In this type of cell transistor, program characteristics or erase characteristics are deteriorated due to repeated program/erase operation at the time of use. Consequently, compared to the earliest time of use of the device, a program/erasing time increases and the amount of injection/release of electric charge in/from the floating gate decreases. As a result, the range of variation between the threshold voltage in the programmed state of the memory cell and the threshold voltage in the erased state thereof decreases.
In addition, with repetition of program/erase operations at the time of use, an electric field concentrates at the carriers trapped in the insulating film and insulation breakdown of the memory cell will take place. In such a case, it would be impossible to program/erase data in another cell which shares the control gate or source/drain region with the broken cell, or data would be erroneously read out from the memory cell.
For example, if a high program voltage is applied to the control gate shared by the broken cell, a leak current flows from the control gate to the semiconductor substrate through the insulating film of the broken cell. Consequently, problems such that the potential of the program voltage becomes lower than a predetermined level, the program operation is disabled or the power consumption increases, or the like, are occurred.

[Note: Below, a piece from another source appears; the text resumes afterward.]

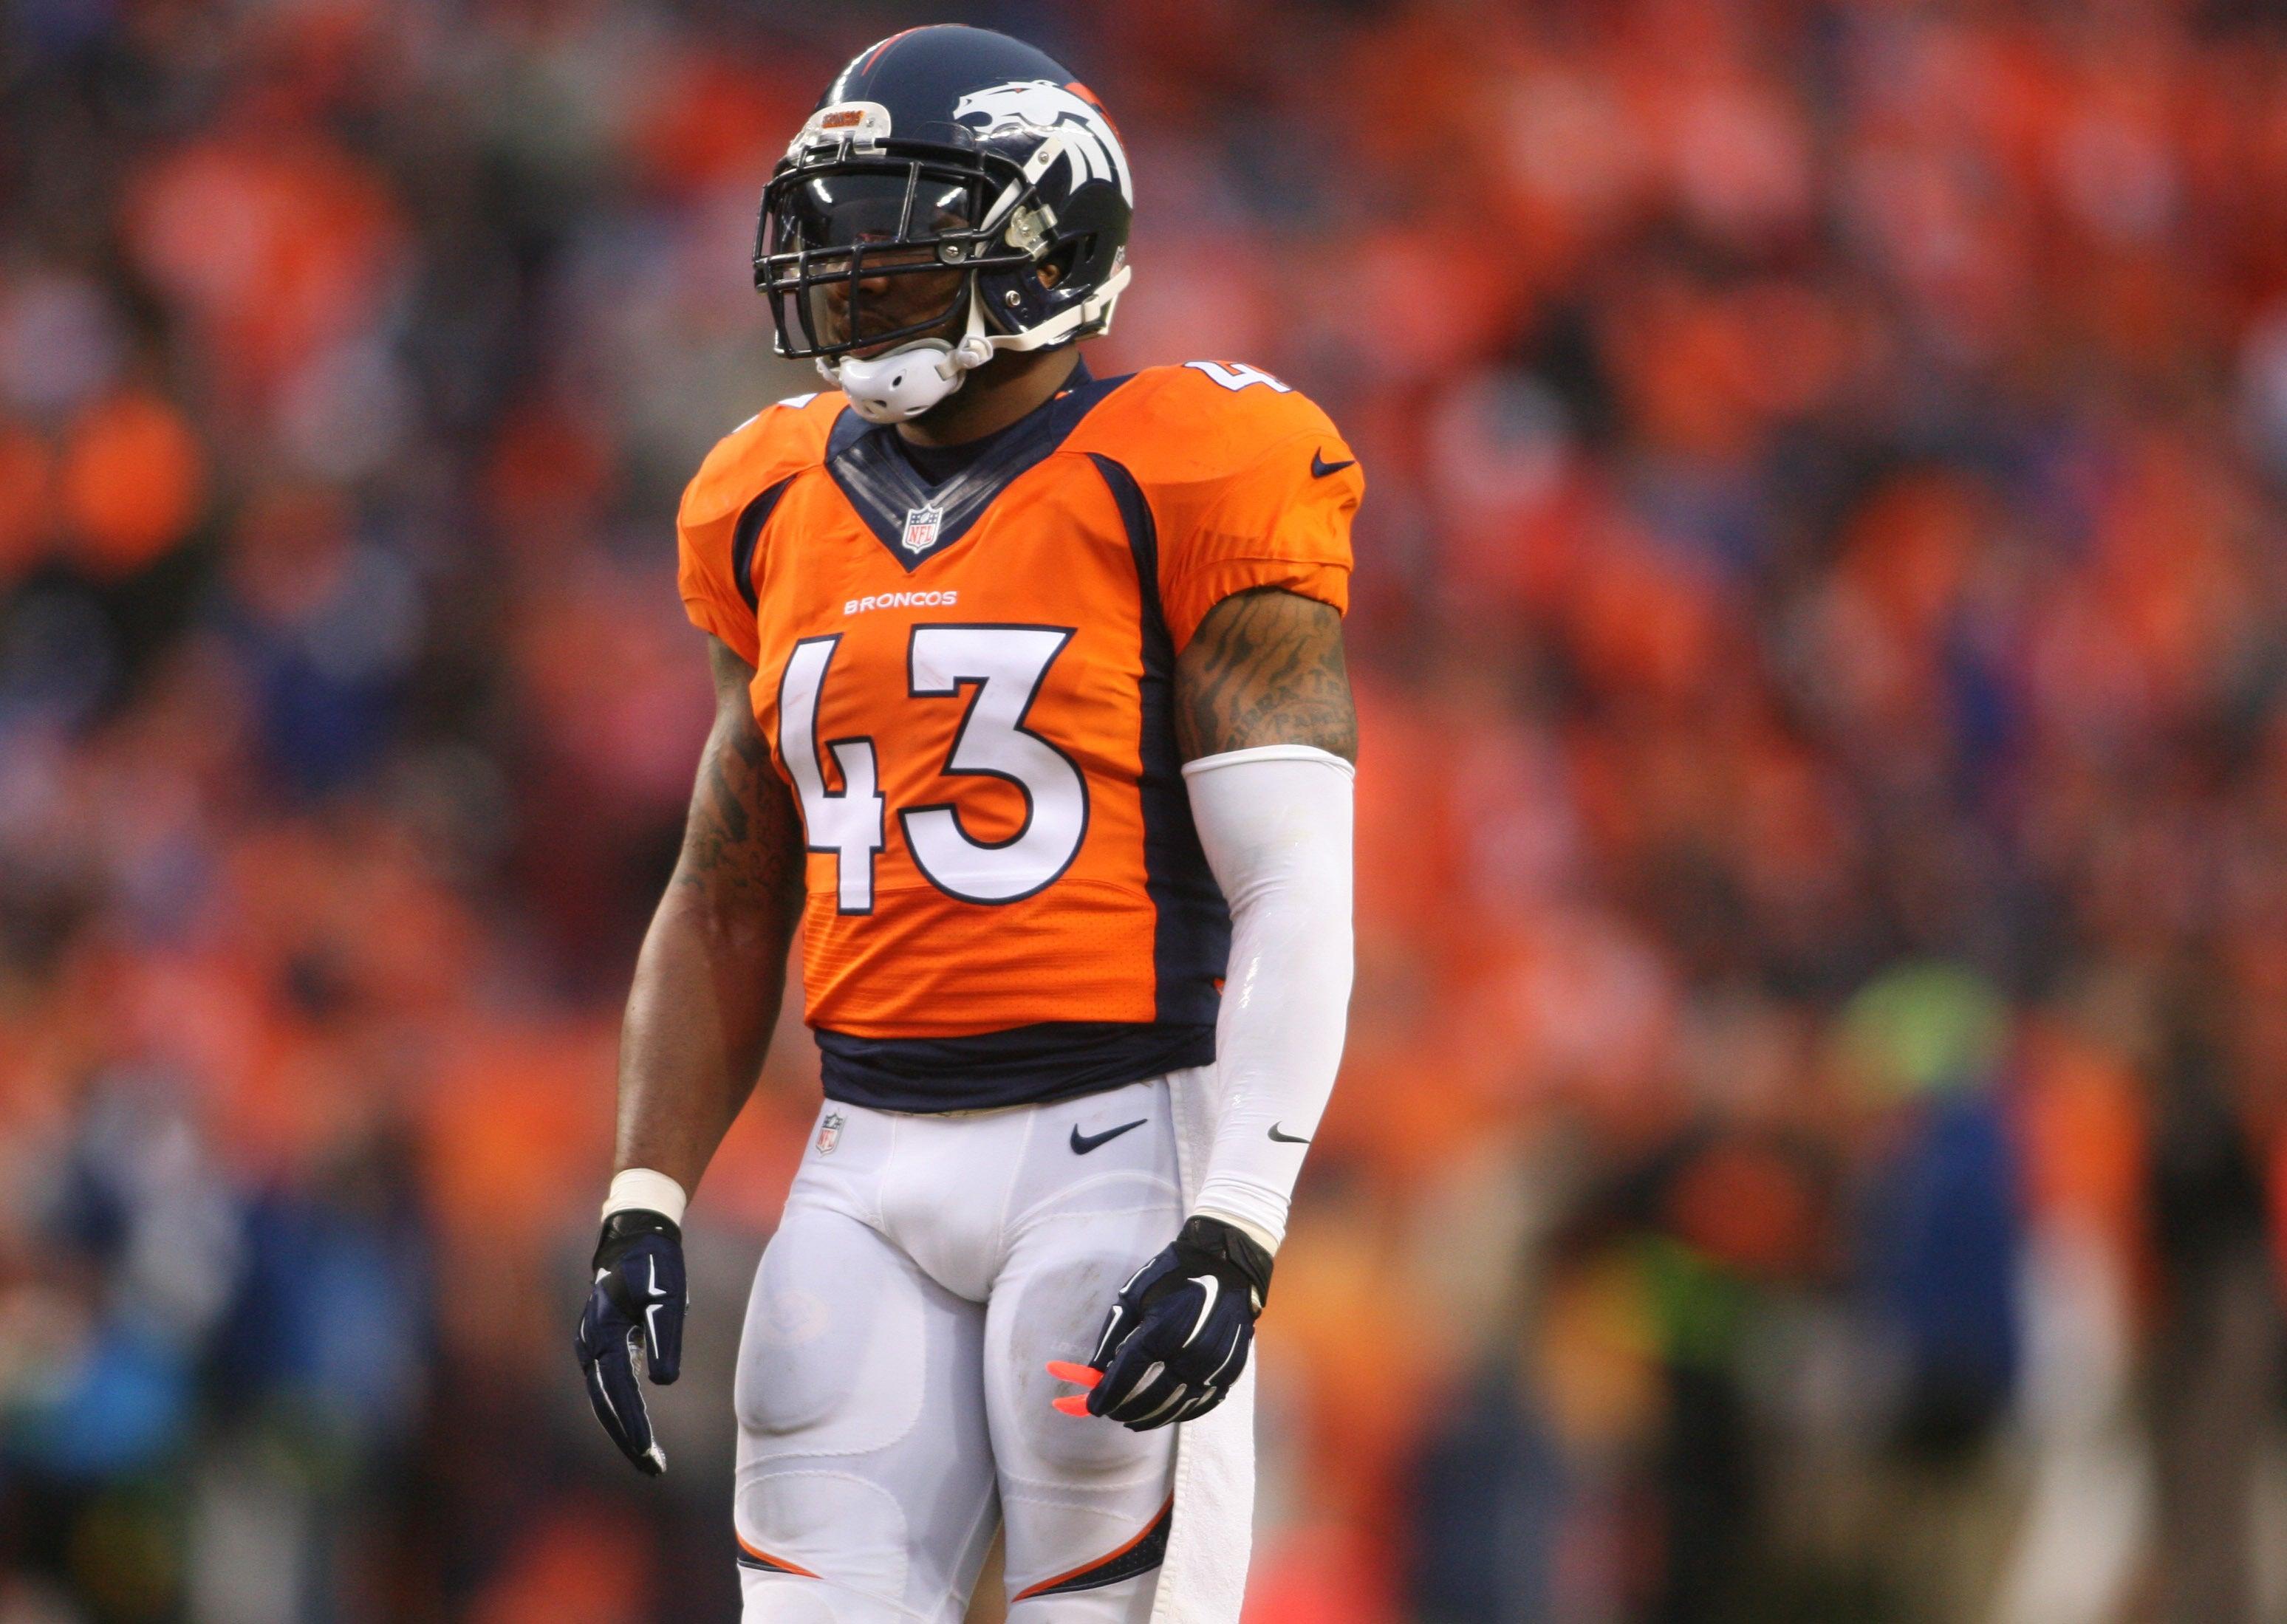 Report The Denver Broncos & Safety T J Ward Have Been In Talks
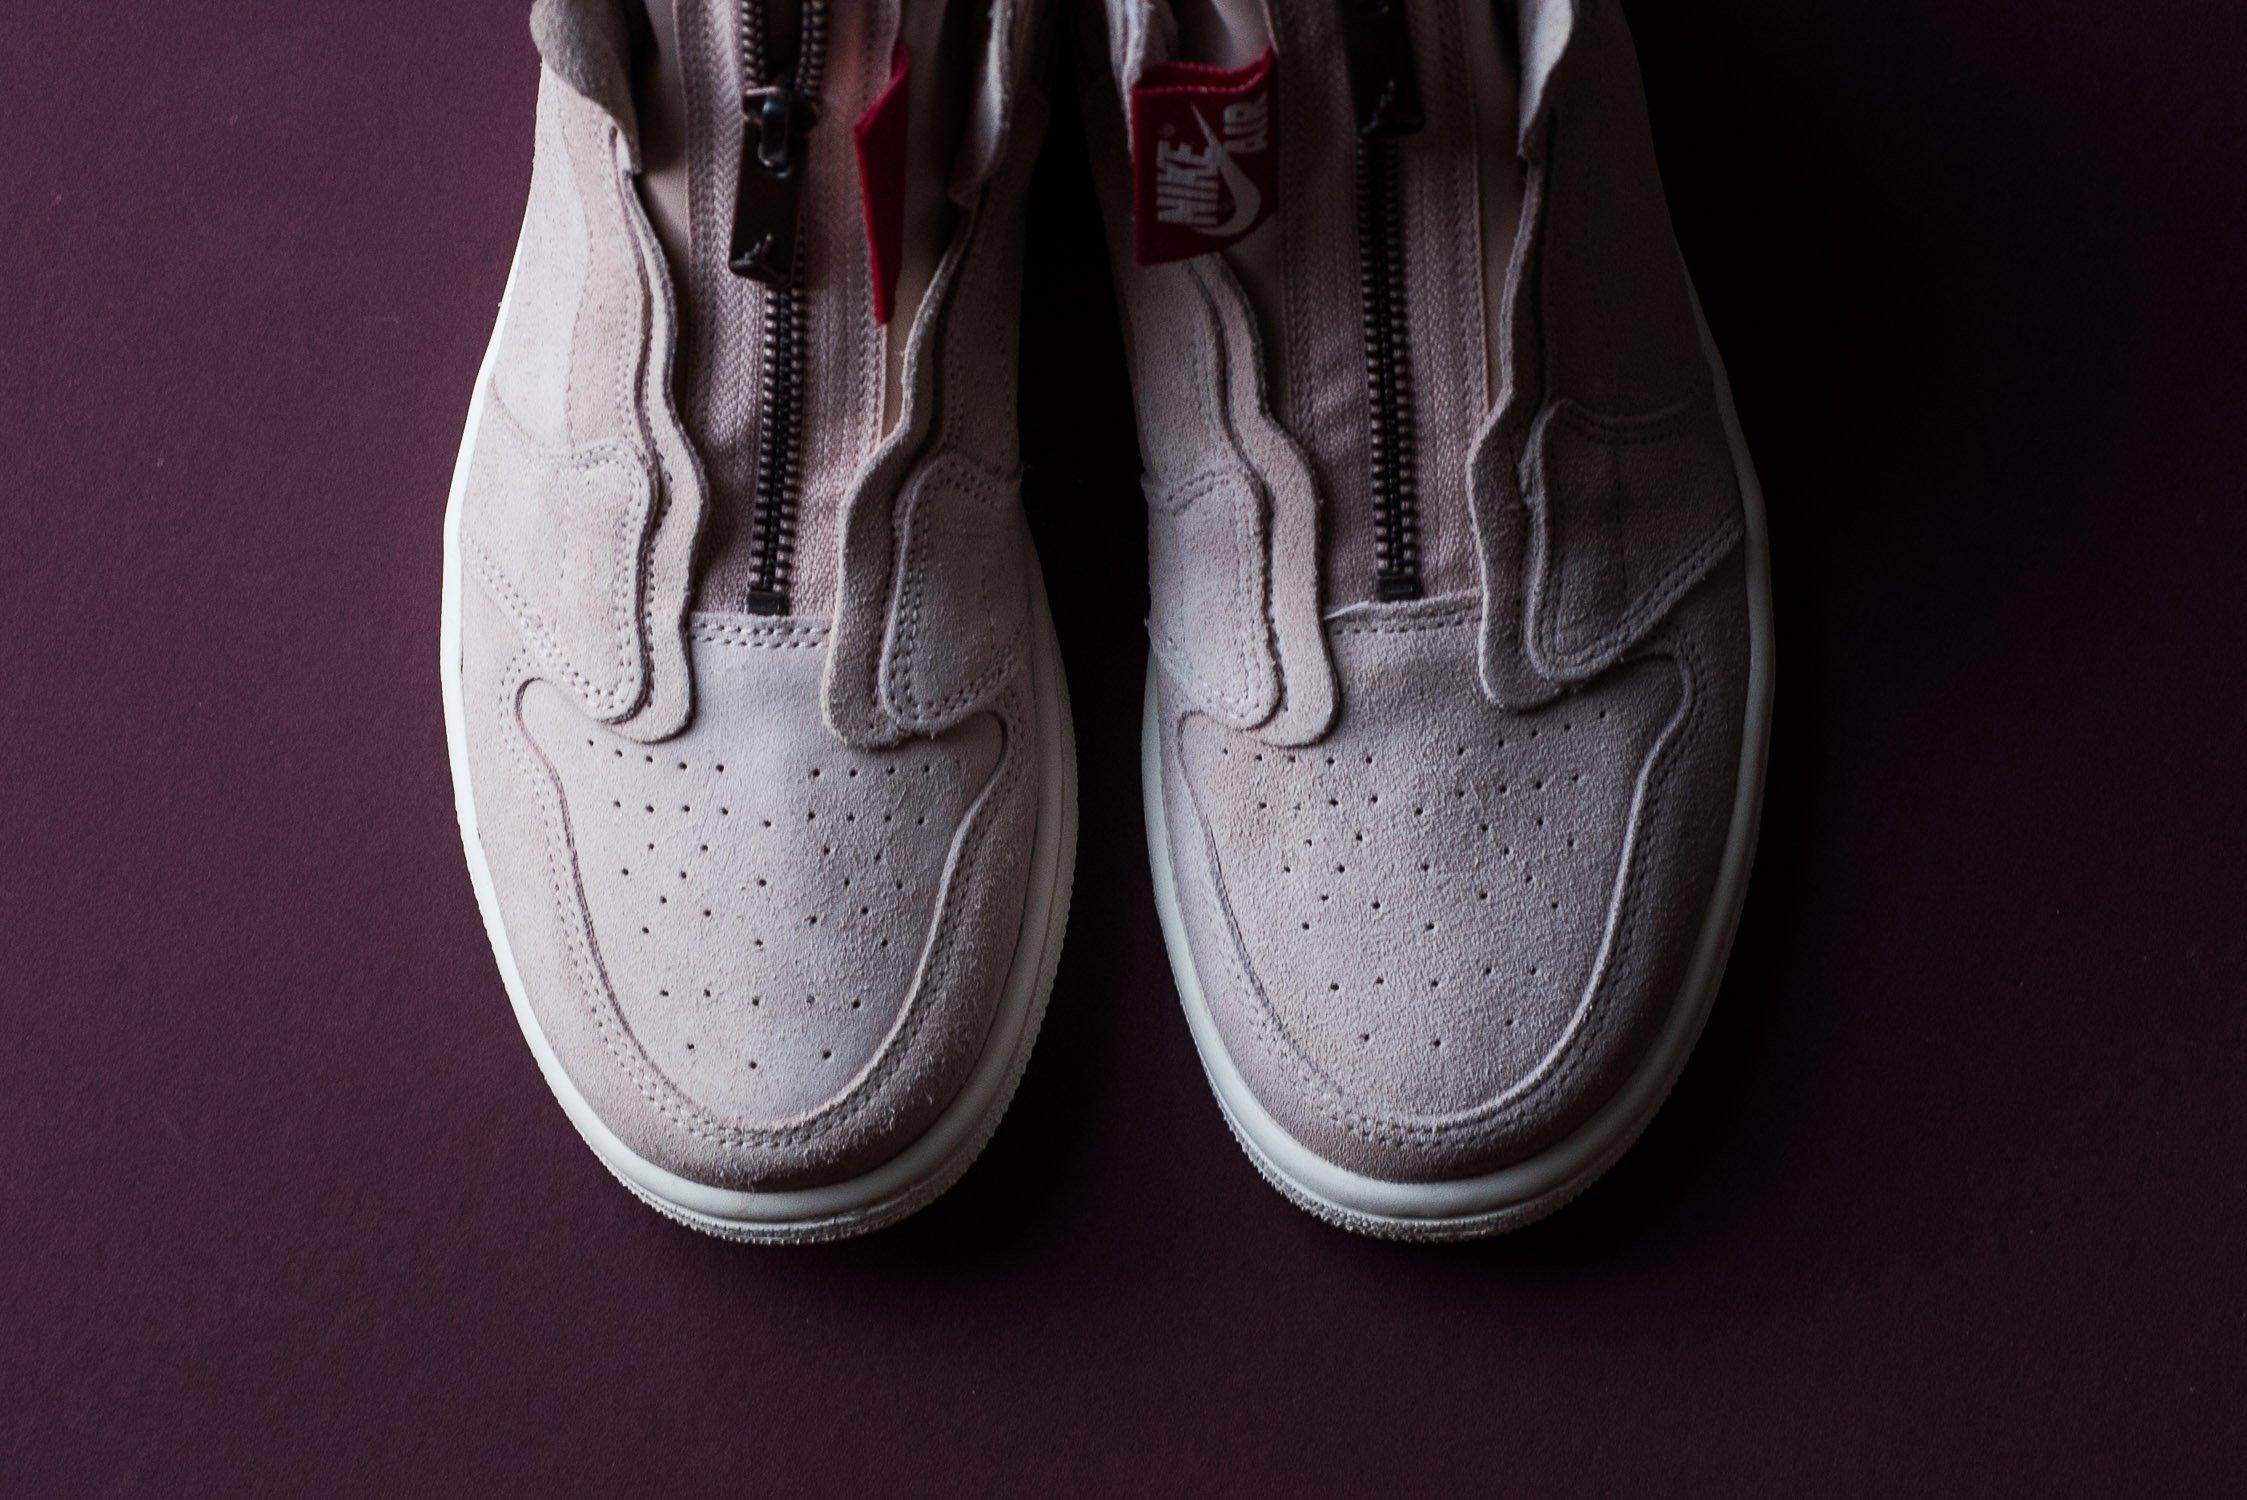 wylot nowy design nowy haj The Air Jordan 1 WMNS High Zip Particle Beige Just Released ...

In the EEPROM, a program voltage and an erase voltage are produced by a high voltage generating circuit which boosts a power supply voltage Vcc to obtain a high voltage. The high voltage generating circuit is constituted by a booster circuit, which comprises a charge pump circuits cascade-connected in multi-stages, and a voltage limiting circuit connected to the final-stage charge pump circuit in the booster circuit.
In the above-described EEPROM, when data is to be programmed, the greater the number of times of applications of program pulses having a constant voltage and a constant pulse width, the greater the amount of charge programmed into the floating gate electrode. In this case, in an intelligent program method adopted to prevent overprogram, data program is effected little by little in a plurality of operations by controlling the number of times of applications of program pulses. A data program operation and a data read operation following the data program operation are repeated, and the program operation is completed when the read data has become equal to the programmed data.
On the other hand, in the field of semiconductor memories including latest large-capacity EEPROMs, provision of a redundancy circuit is essential in order to increase the manufacturing yield. According to the redundancy technique, in addition to an ordinary memory cell array (regular memory cell array), a redundancy memory cell array for relieving, e.g. a defect of the regular memory cell array, and a redundancy address decoder (programmable decoder) for selecting rows of the redundancy memory cell array are provided on the same semiconductor chip. Thus, a defective memory cell of the regular memory cell array, which is found in a test step of the manufacture, is relieved.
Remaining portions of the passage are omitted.